**Work required**
Everything in the records below from the line containing "Buy Product : Rab" through the line containing "Milk shake Conditioning" is to be reproduced exactly, those two lines included; no picture is to be copied.

**Task data**
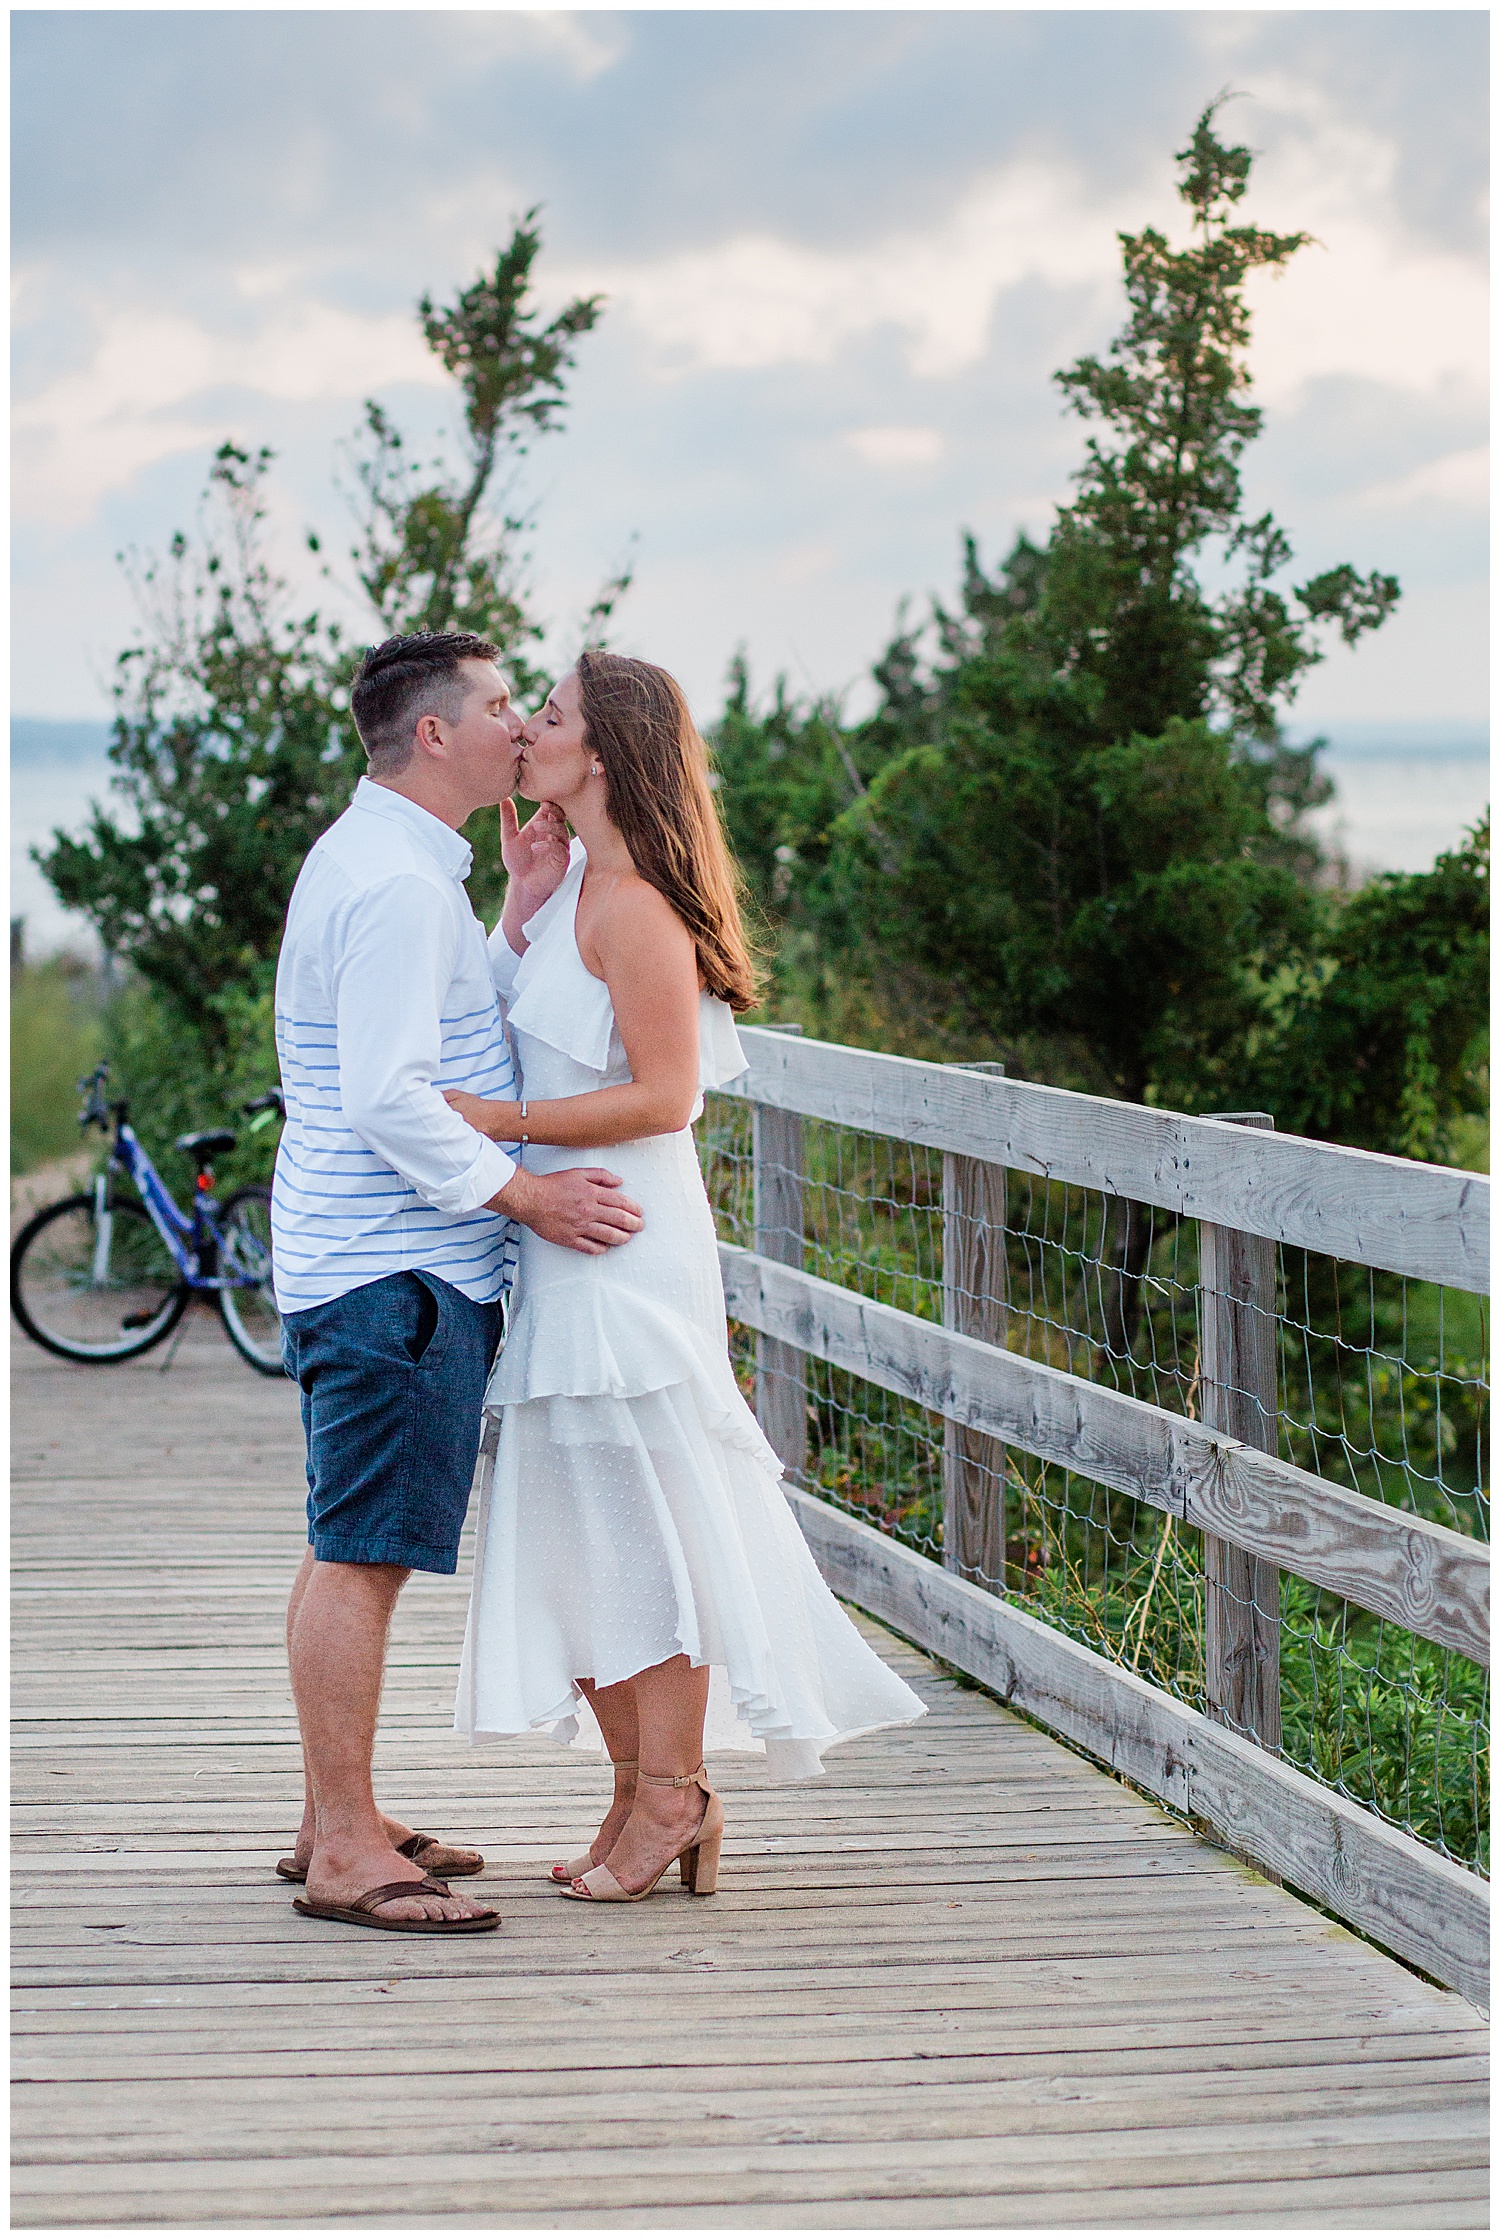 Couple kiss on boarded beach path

...

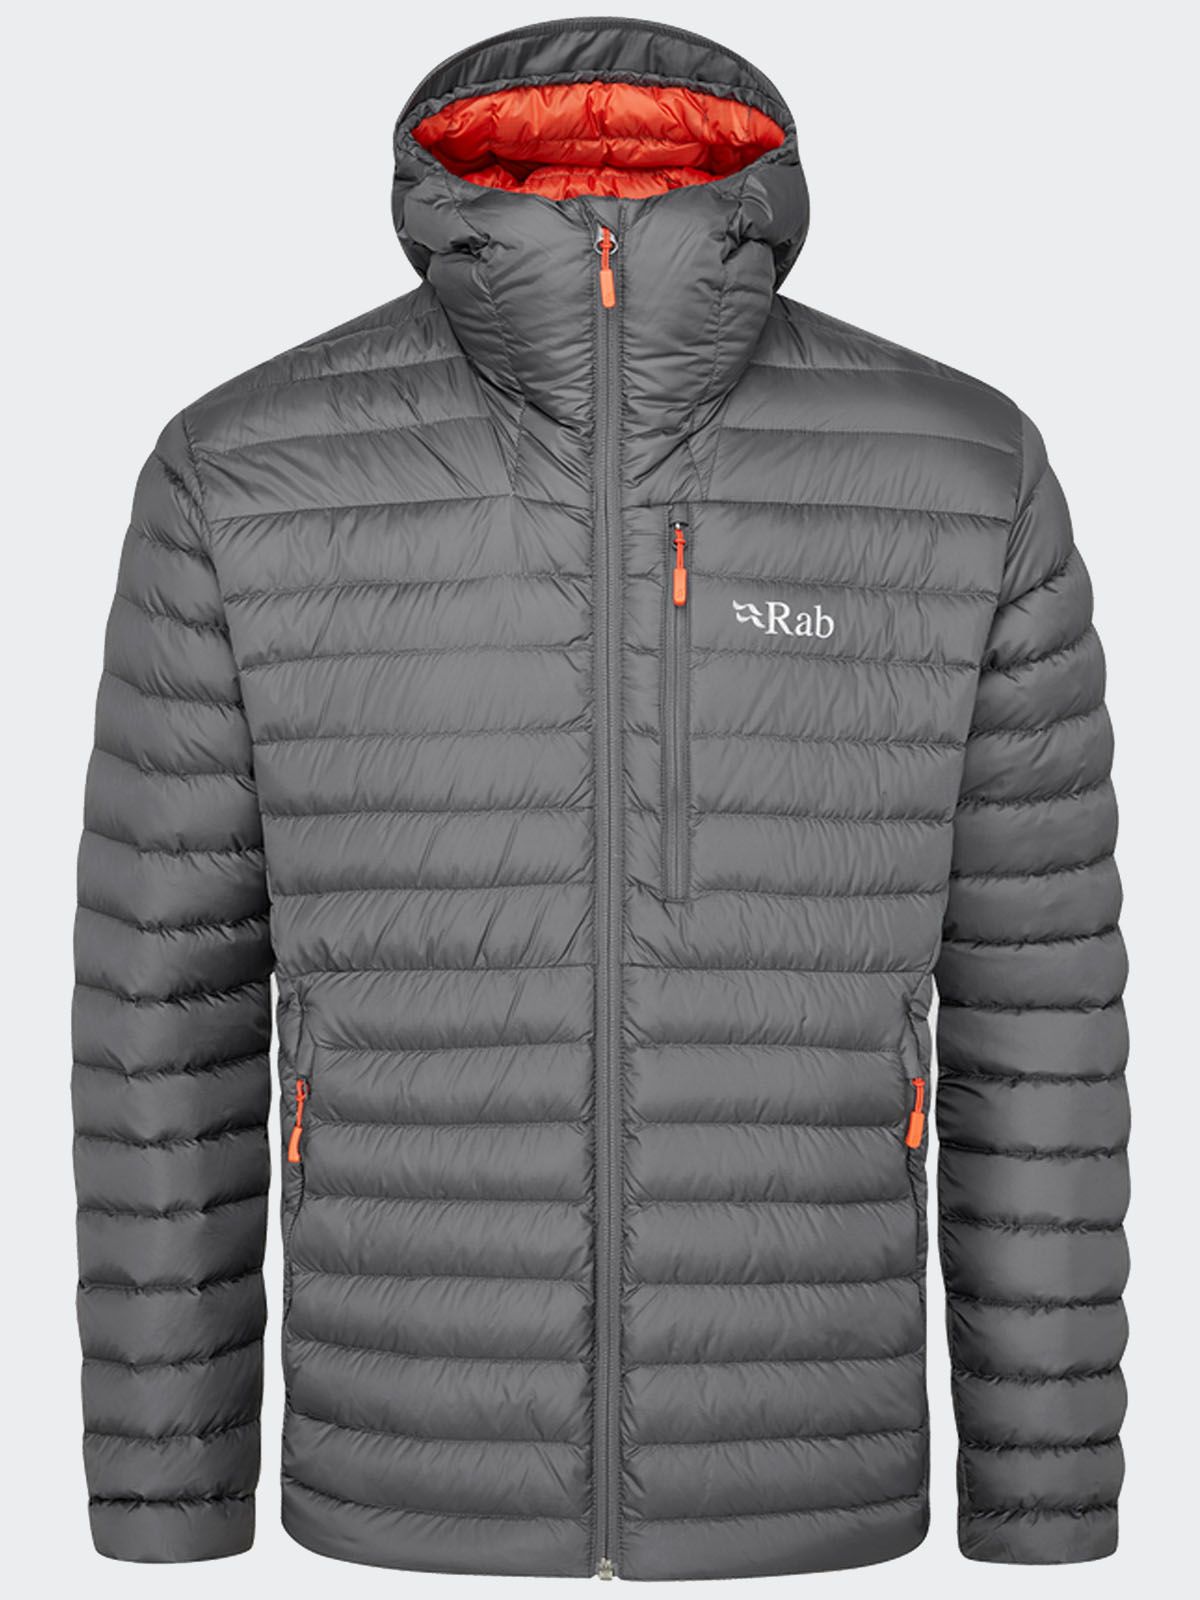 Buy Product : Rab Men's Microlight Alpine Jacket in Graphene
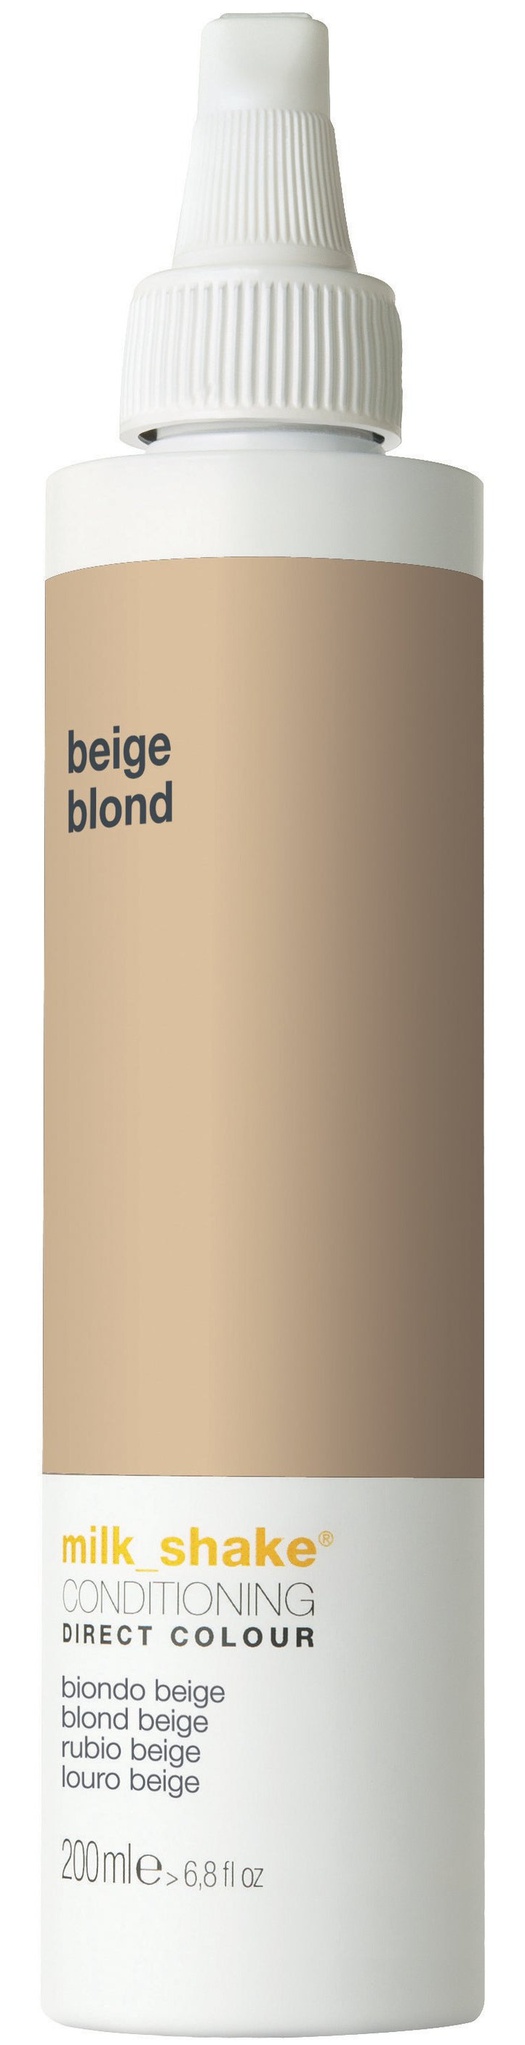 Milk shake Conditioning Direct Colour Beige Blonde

---

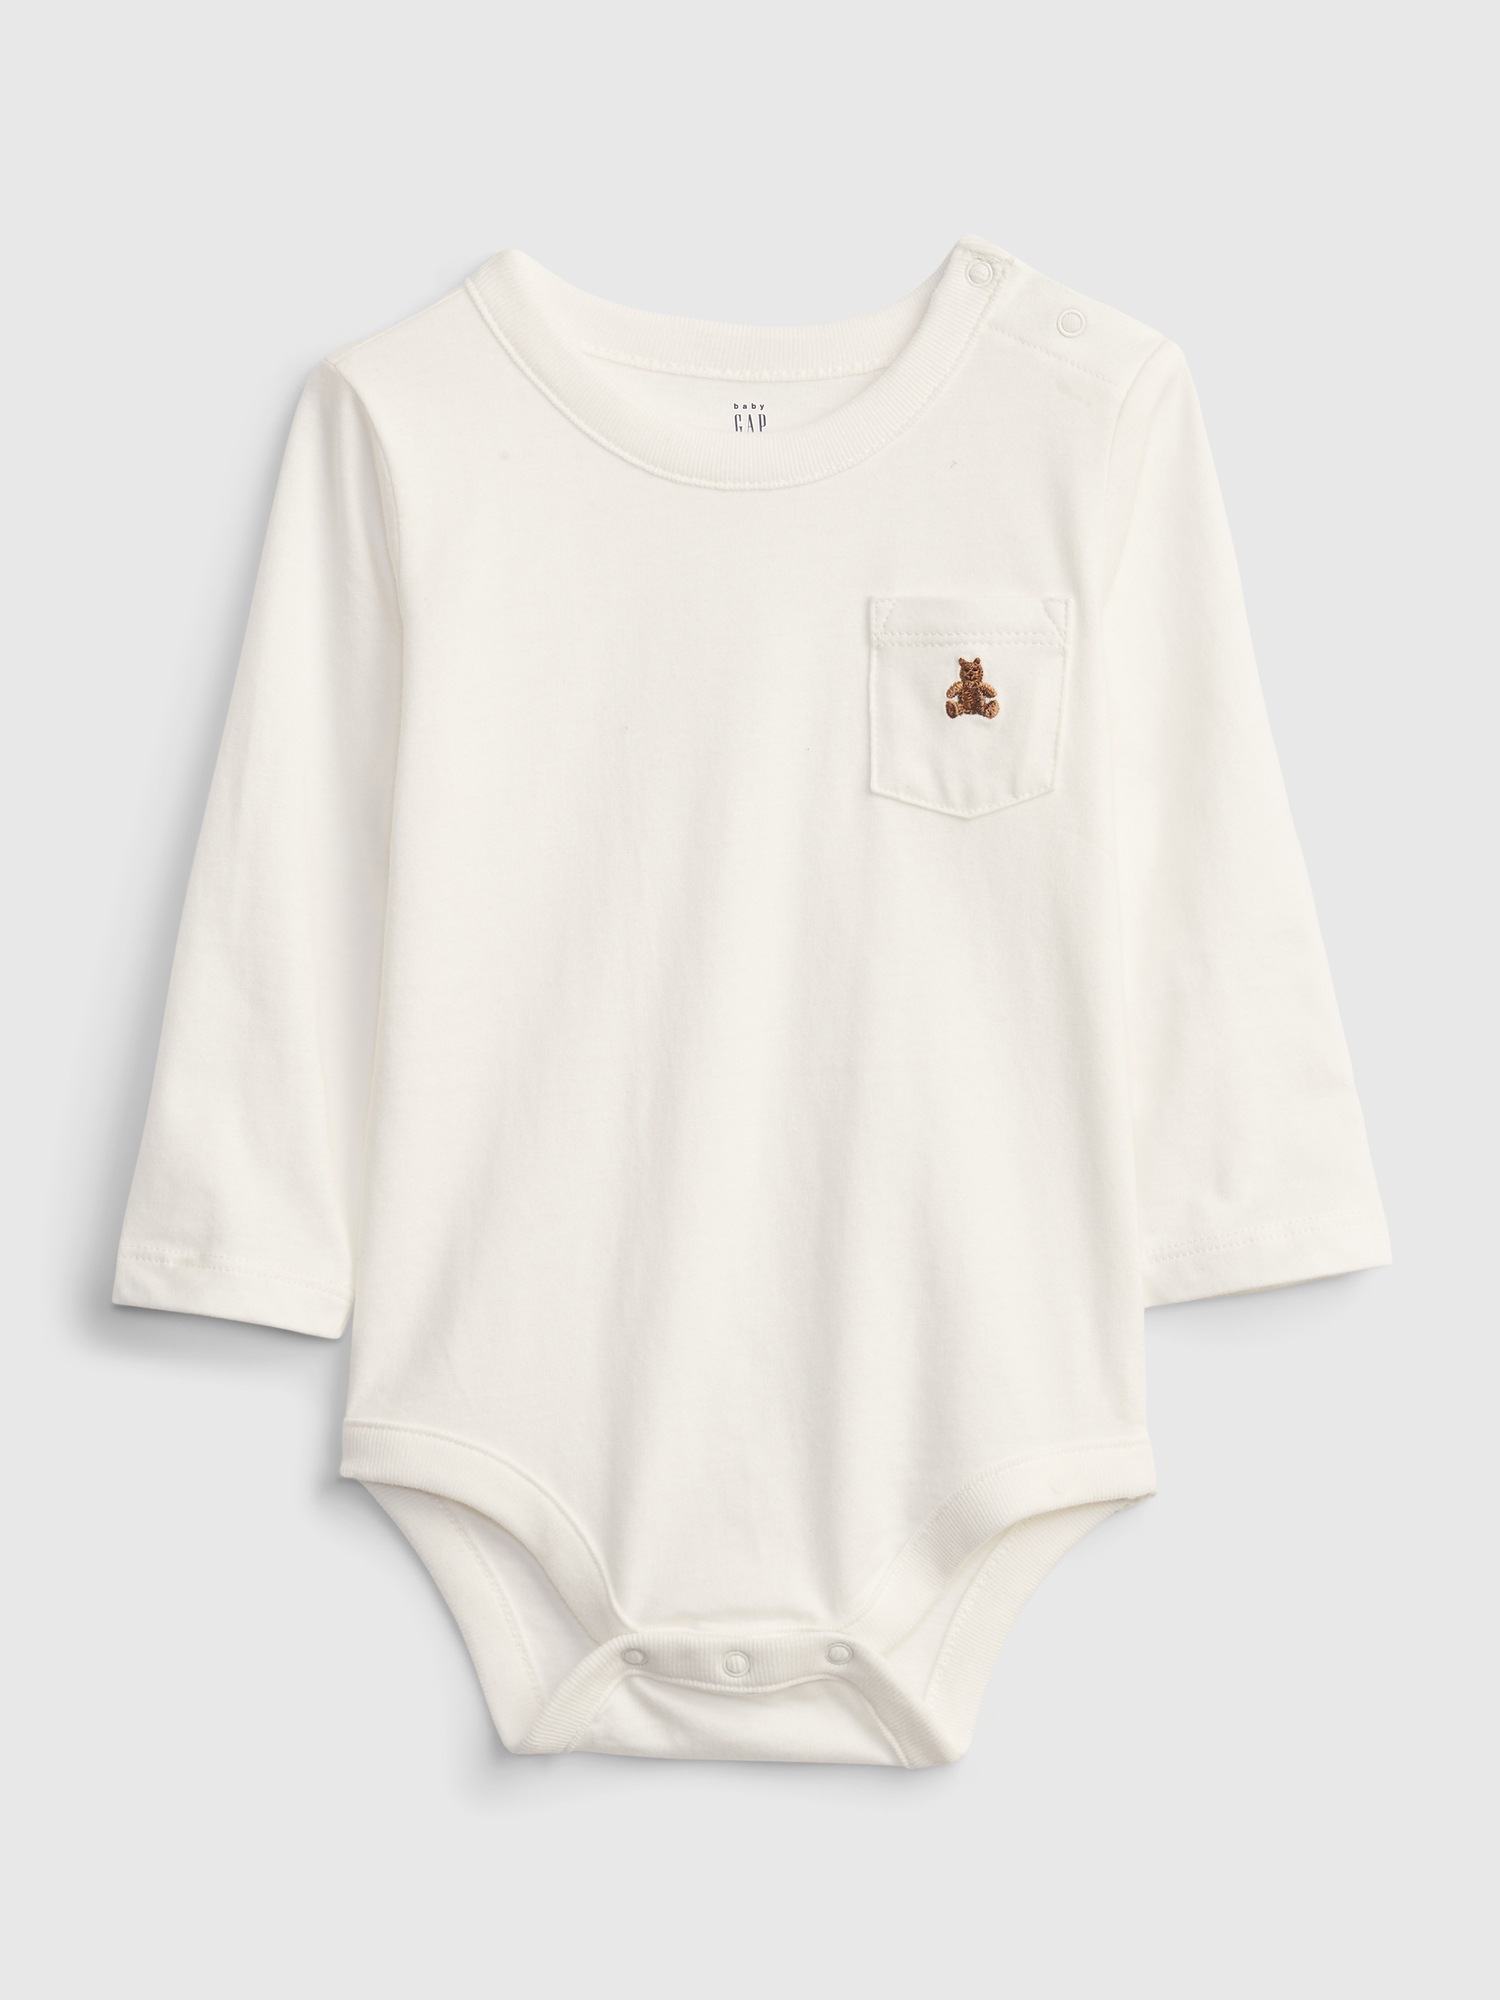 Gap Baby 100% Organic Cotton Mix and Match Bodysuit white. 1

**Your response**
 Buy Product : Rab Men's Microlight Alpine Jacket in Graphene
 Milk shake Conditioning Direct Colour Beige Blonde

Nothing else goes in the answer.